**SOURCE MATERIAL**
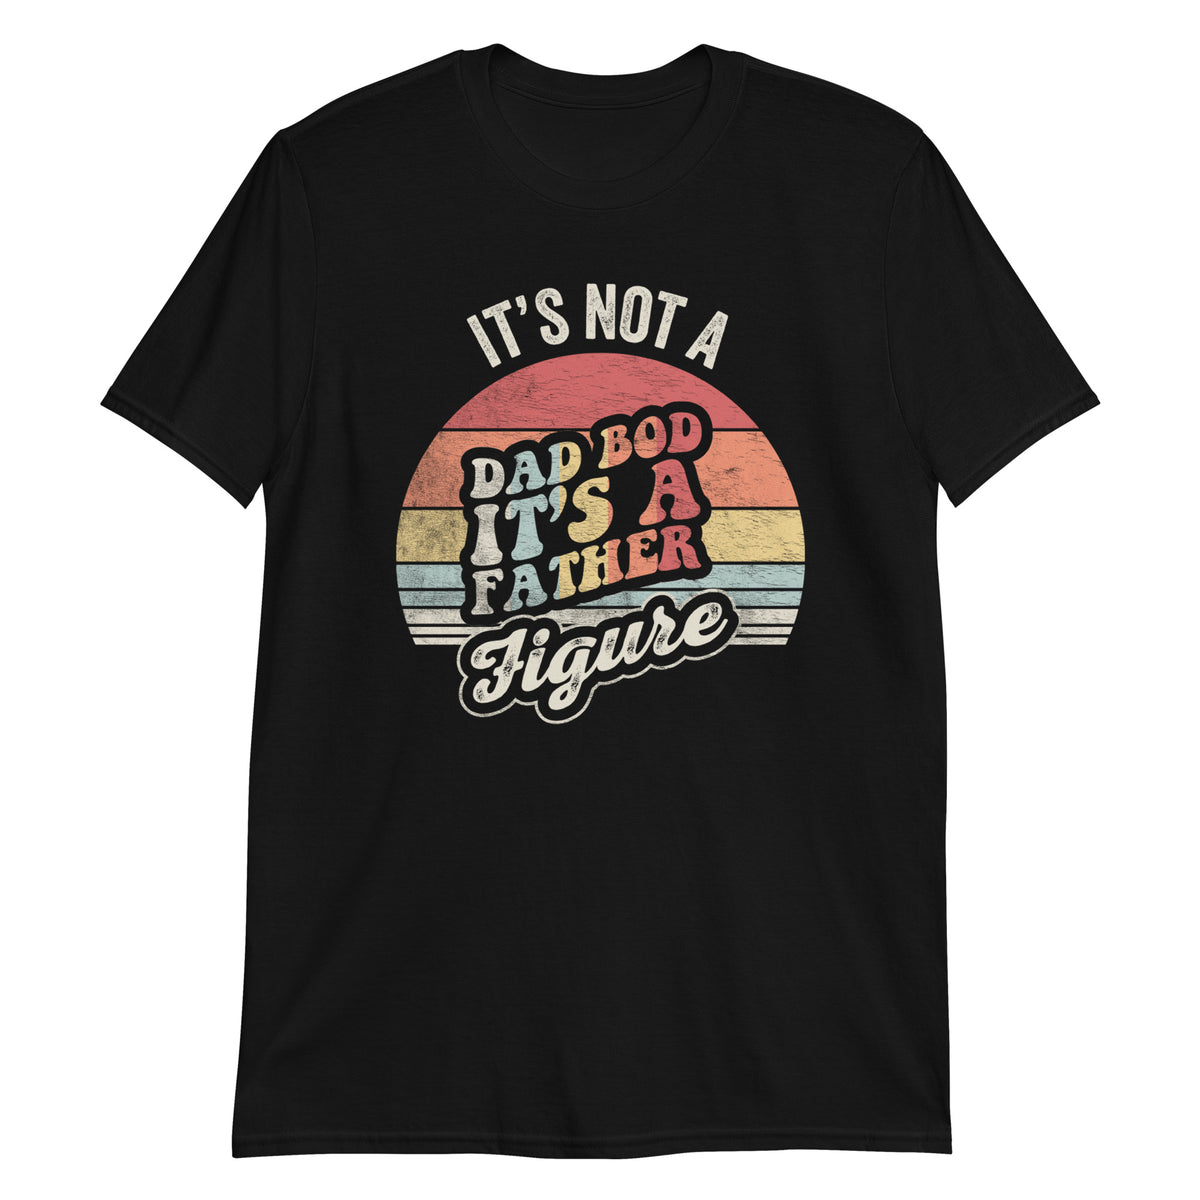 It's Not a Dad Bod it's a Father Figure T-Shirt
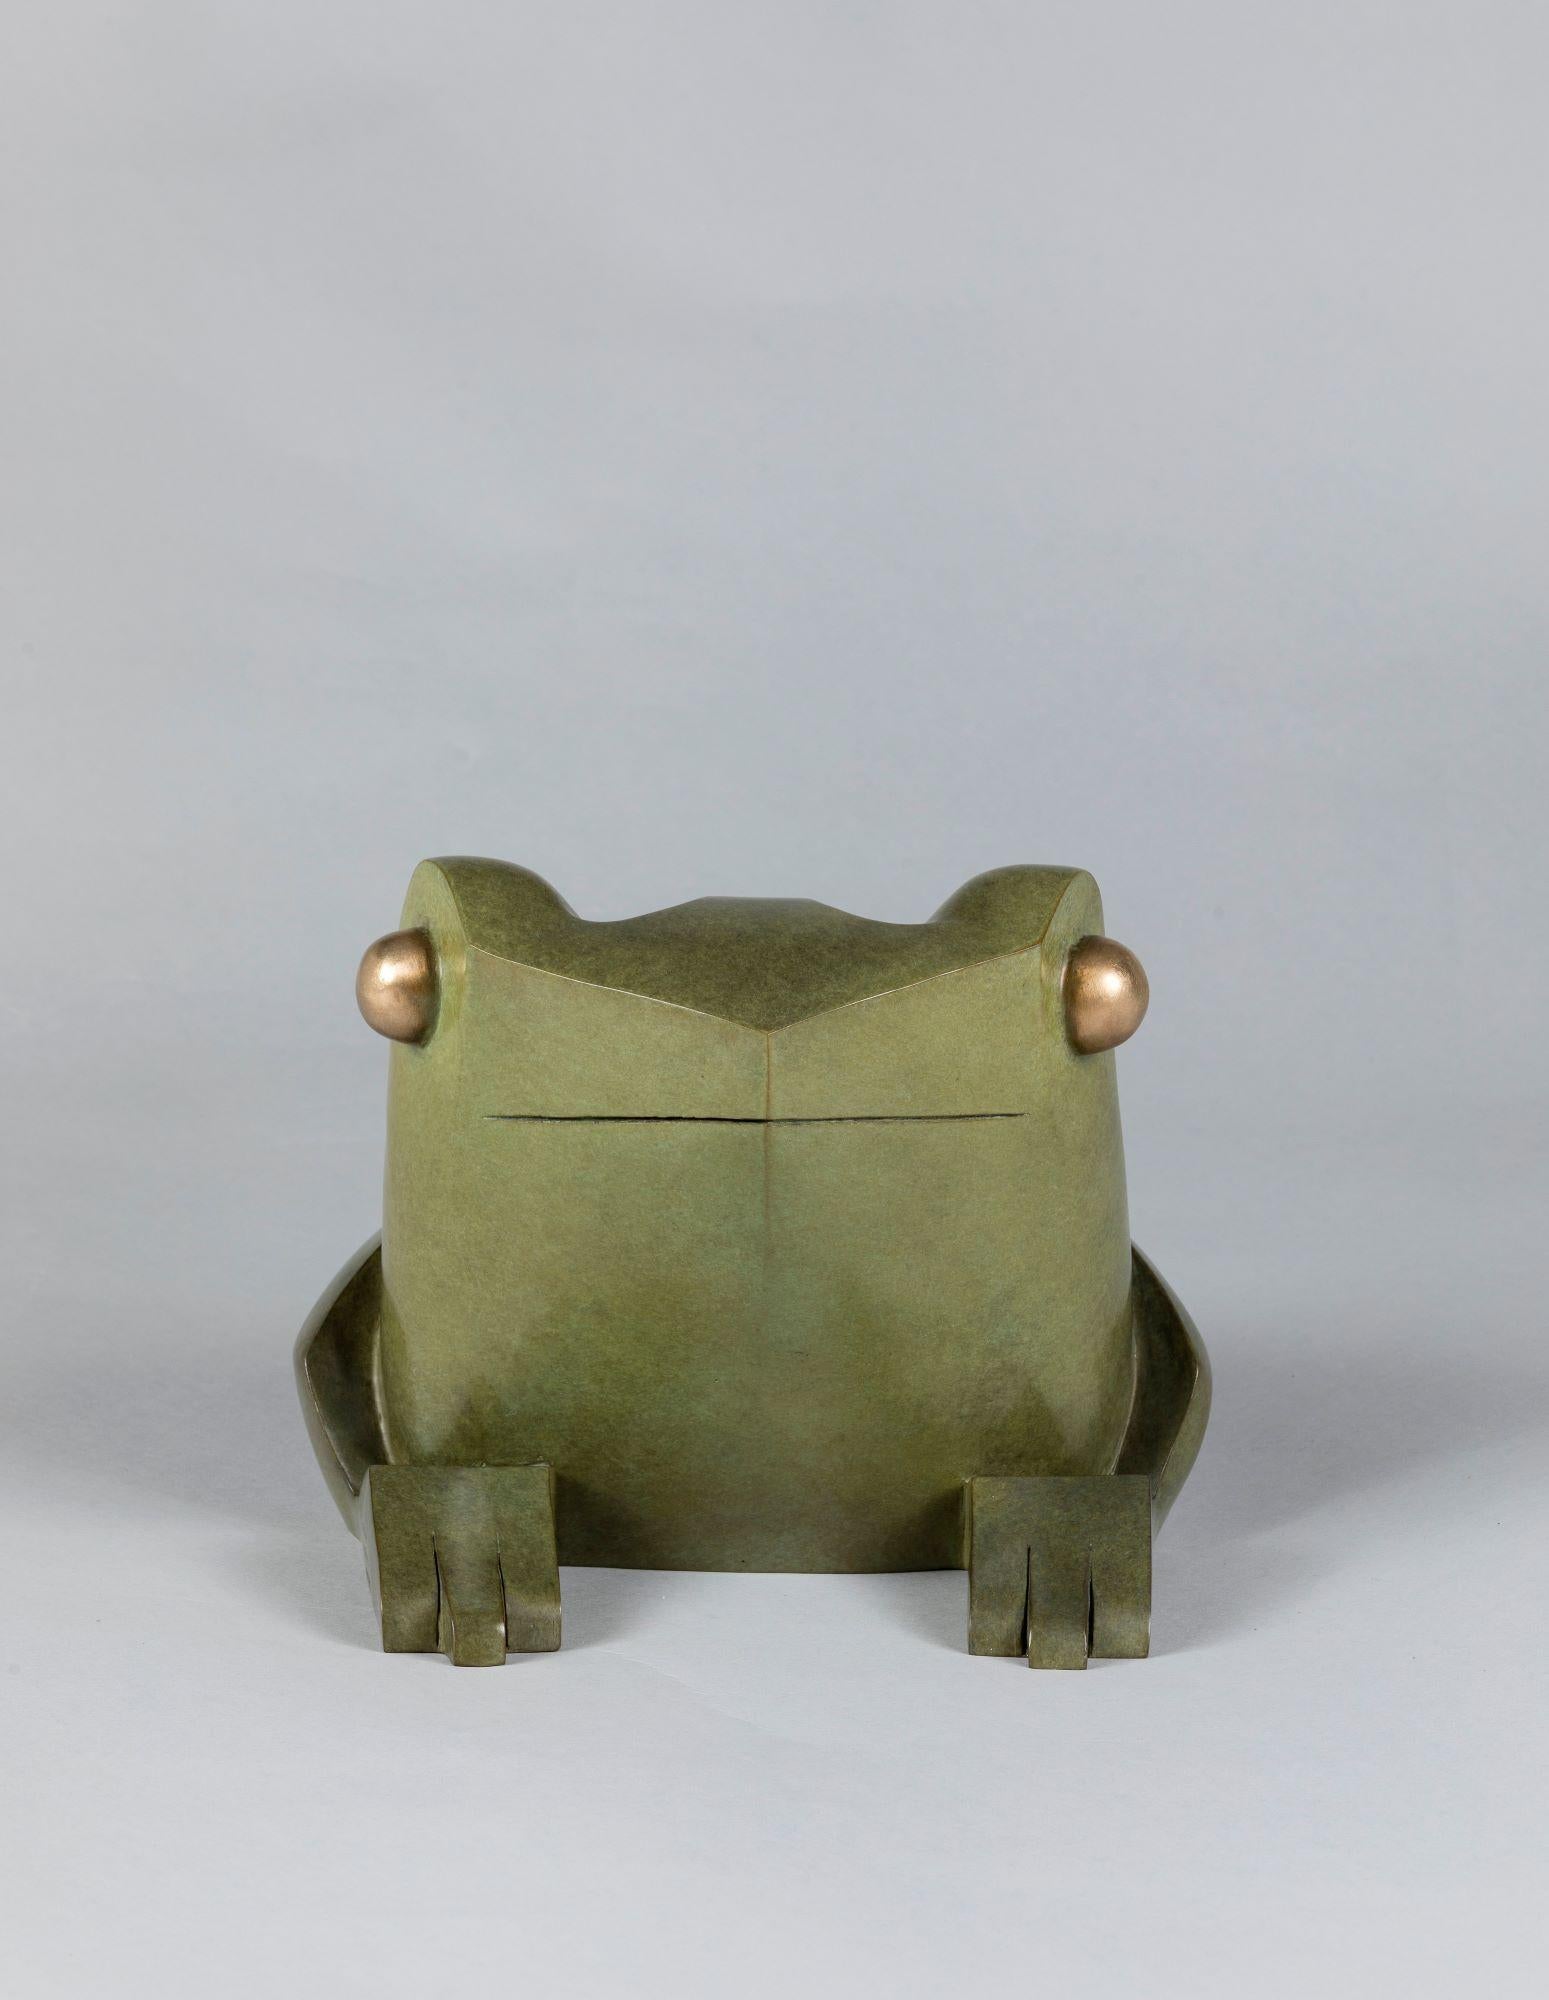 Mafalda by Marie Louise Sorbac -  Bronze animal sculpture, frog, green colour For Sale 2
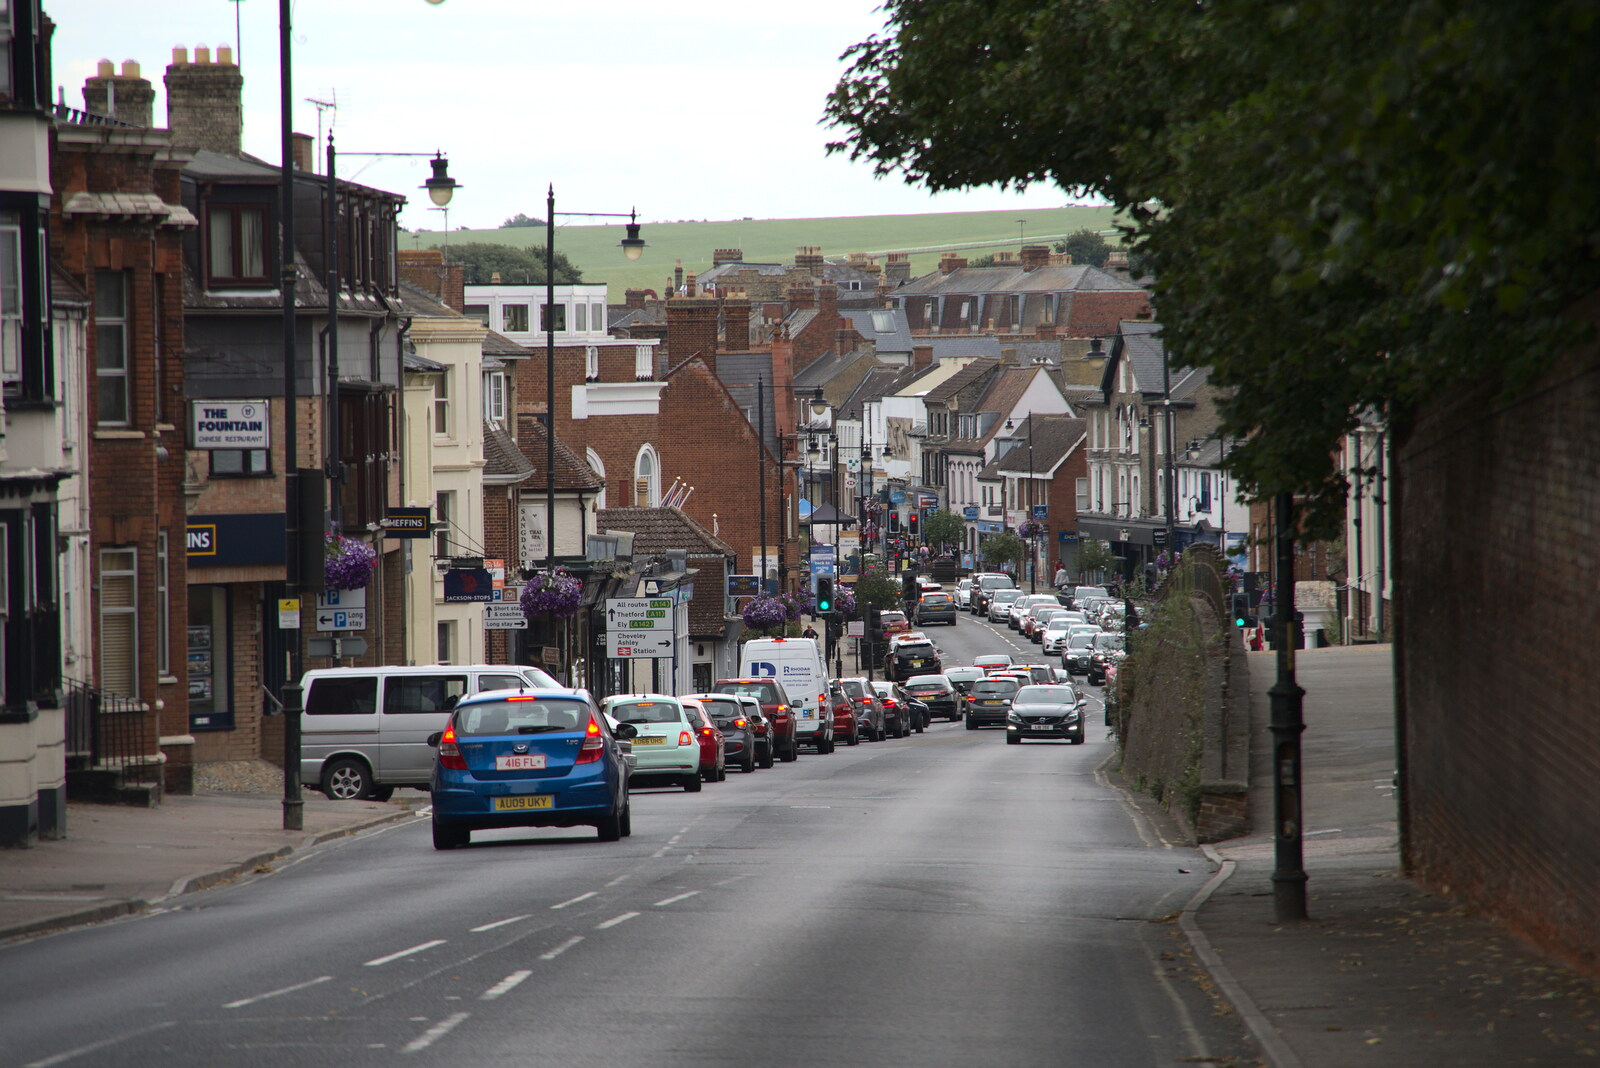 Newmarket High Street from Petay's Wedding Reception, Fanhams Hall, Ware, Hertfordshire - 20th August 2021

**TASK PROMPT**
The data must come back word for word, with every picture removed.

**SOLUTION**
 It's Not a Dad Bod it's a Father Figure T-Shirt
 Mafalda by Marie Louise Sorbac -  Bronze animal sculpture, frog, green colour For Sale 2
 Newmarket High Street from Petay's Wedding Reception, Fanhams Hall, Ware, Hertfordshire - 20th August 2021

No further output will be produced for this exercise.